Common causes of SQL performance issues

  1. Not rightsizing your queries: We see both queries that fetch much more data than is needed and the use of many micro queries where a single larger one would be much more efficient.
     
  2. Do everything queries: An attempt is made to cover too much functionality in a single query.
     
  3. Poor indexing: Improper or inadequate indexing can lead to slow query performance as the database has to scan through large amounts of data. Over-indexing can cause updates and inserts to slow down significantly, because all those indexes need to be updated when the data changes.
     
  4. Inefficient SQL Queries: Poorly written queries that are not optimized for the database schema and structure can cause slow performance.
     
  5. Blocking Lockings : SQL transactions that lock records, pages or tables for extended periods of time severely affect other processes that need access to that data resulting in longer wait times. Locking records that are not going to be updated is a common mistake that causes long delays.
     
  6. Database fragmentation: As a result of frequent changes like adding or deleting rows in tables within the database without proper maintenance, fragmentation occurs leading to slower querying times due to increased I/O operations on disks.
     
  7. An inefficient data model. Data models that are theoretically more correct often lead to more complex, slower, queries.
     
  8. Lack of server resources: When queries are not optimized, they can require more resources than your server has available. Or require the wrong type of resources, such as reading large amount of data from disk instead of from memory.
     
  9. Bad statistics. Modern SQL databases optimize queries based on statistics of data and indexes. If the statistics are outdated or wrong, even a good SQL statement will have bad performance.

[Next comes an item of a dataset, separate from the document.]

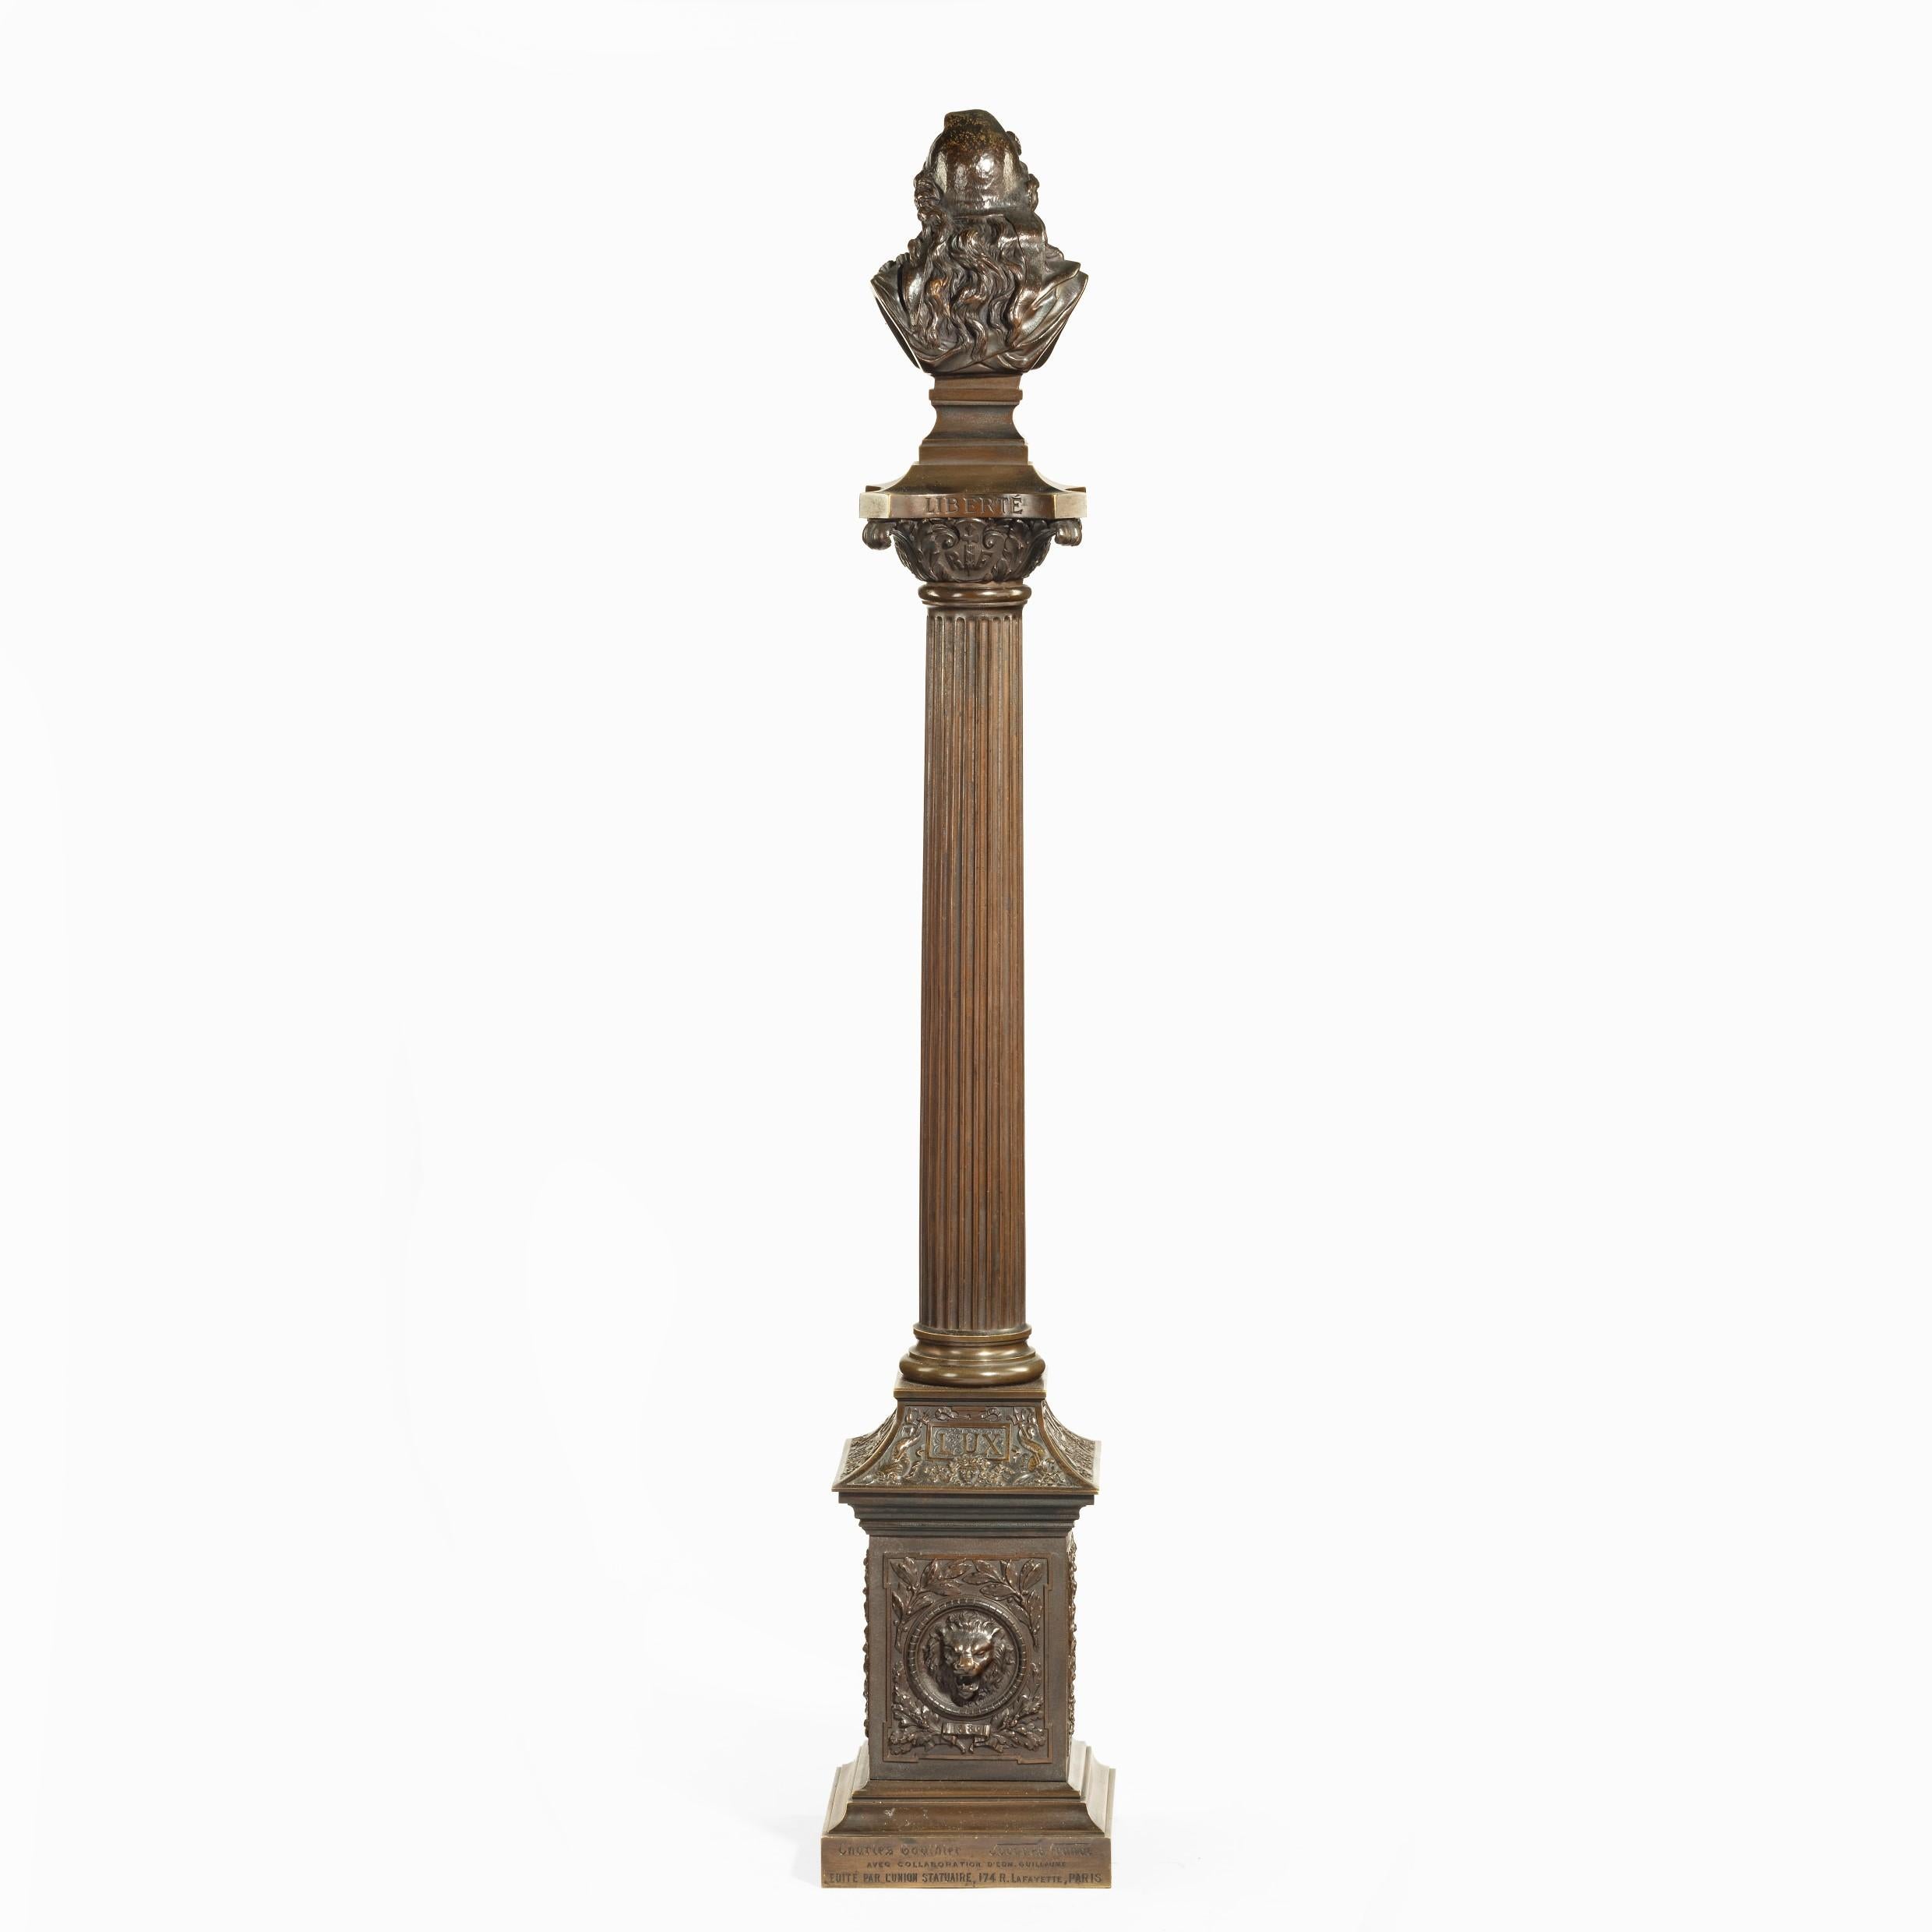 A bronze column depicting ‘La Colonne de la Republique’ dated 1889, after Paul LeCreux, the classical fluted column is surmounted by a bust of Marianne, one of the most prominent symbols of the French Republic, wearing a Phrygian cap, the sides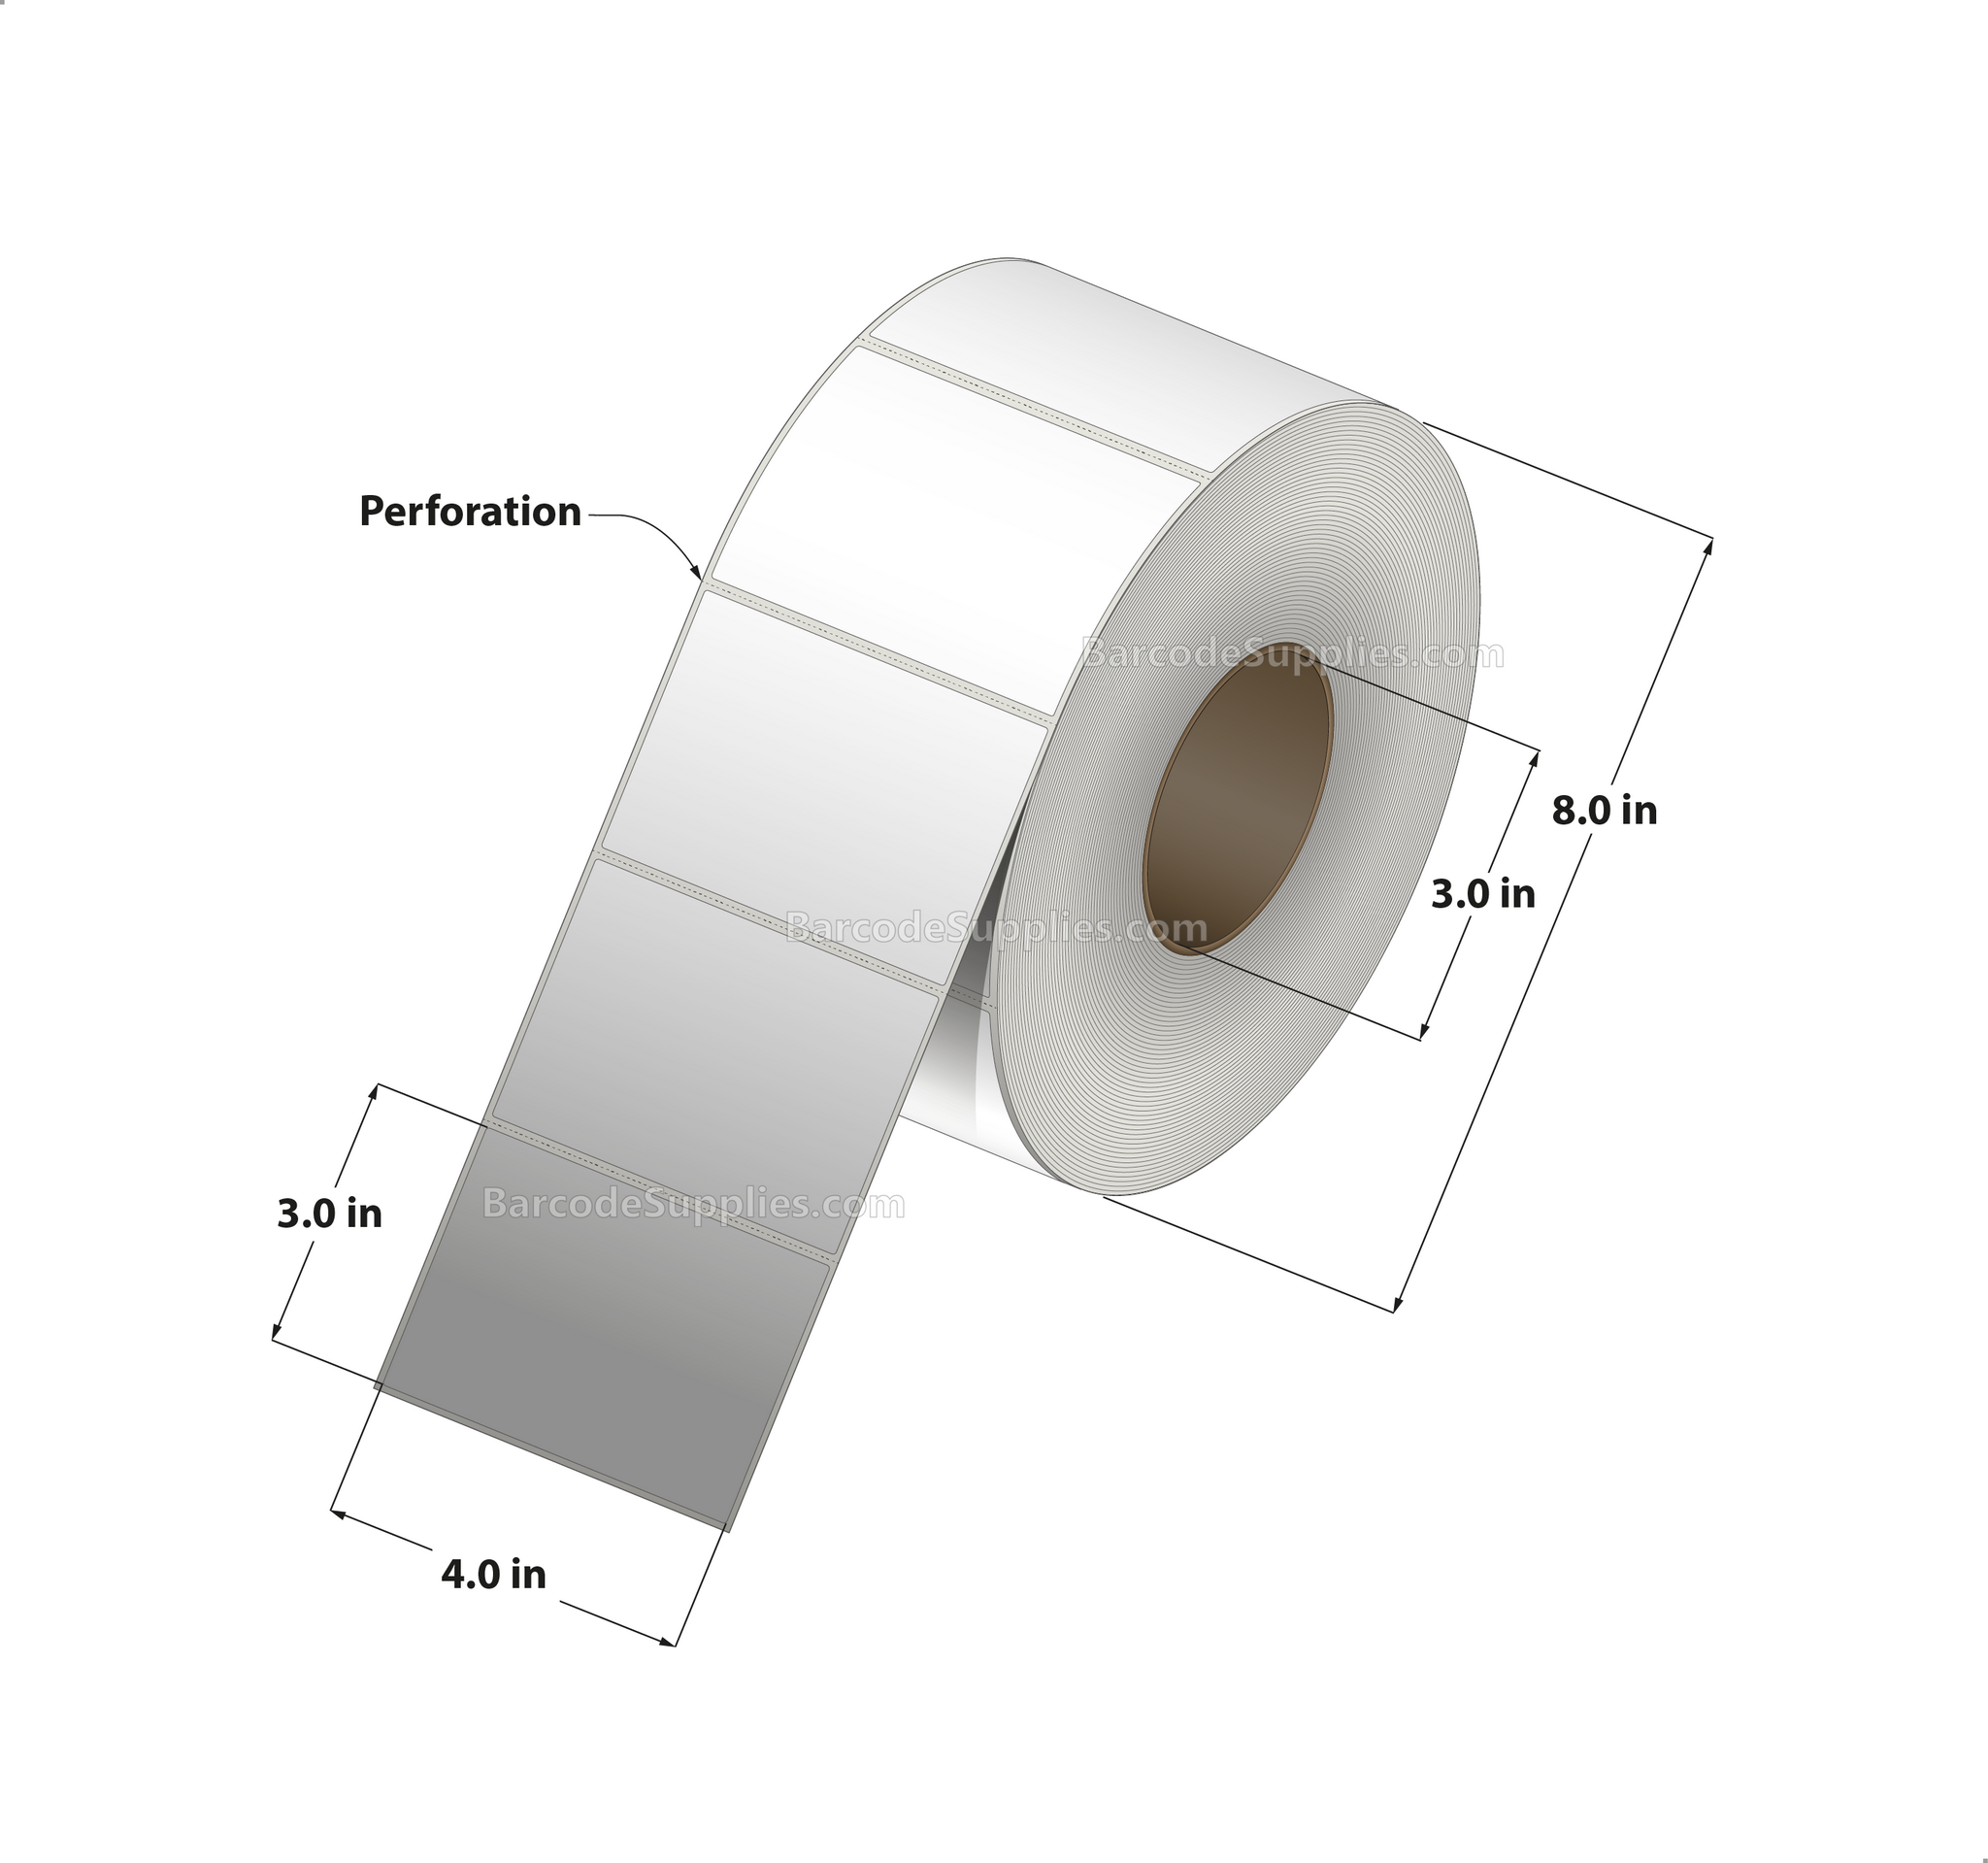 4 x 4 Thermal Transfer White Labels With Removable Adhesive - Perforated - 1500 Labels Per Roll - Carton Of 4 Rolls - 6000 Labels Total - MPN: RE-4-4-1500-3

Techniques for identifying performance bottlenecks

Performance bottlenecks can significantly impact the overall performance of a system or application. Therefore, it's essential to identify and address them. Here are some techniques for identifying performance bottlenecks:

  1. Monitoring: Monitoring involves continuously collecting and analyzing performance metrics to identify potential bottlenecks. You should set up alerts to notify you when specific metrics exceed predefined thresholds, allowing you to quickly address potential performance issues.
     
  2. Profiling: Profiling is the process of analyzing the application's performance to identify where the performance bottlenecks are located in the code or SQL statements. It involves using a profiling tool to collect performance metrics such as CPU usage, memory usage, and network activity spent on specific functionality, such as a SQL statement. Once collected, you can analyze the data to identify where potential and already occurring bottlenecks are located.
     
  3. Creating execution plans. Profiling tells you which SQL statement is a bottleneck. An execution plan tells you why it is a bottleneck and how to fix it. 
     
  4. Load testing: Load testing involves simulating a representative peak workload on the system or application to identify performance bottlenecks under stress conditions. Load testing can help identify issues such as slow response times, CPU or memory overutilization, and database connection issues.
     
  5. Code reviews: Code reviews can help identify potential performance issues early in the development process. Developers can review the code for inefficient algorithms, unnecessary database queries, and other performance issues.
     
  6. Check and optimize your technical environment. Make sure you have at least implemented all best practices from the vendor.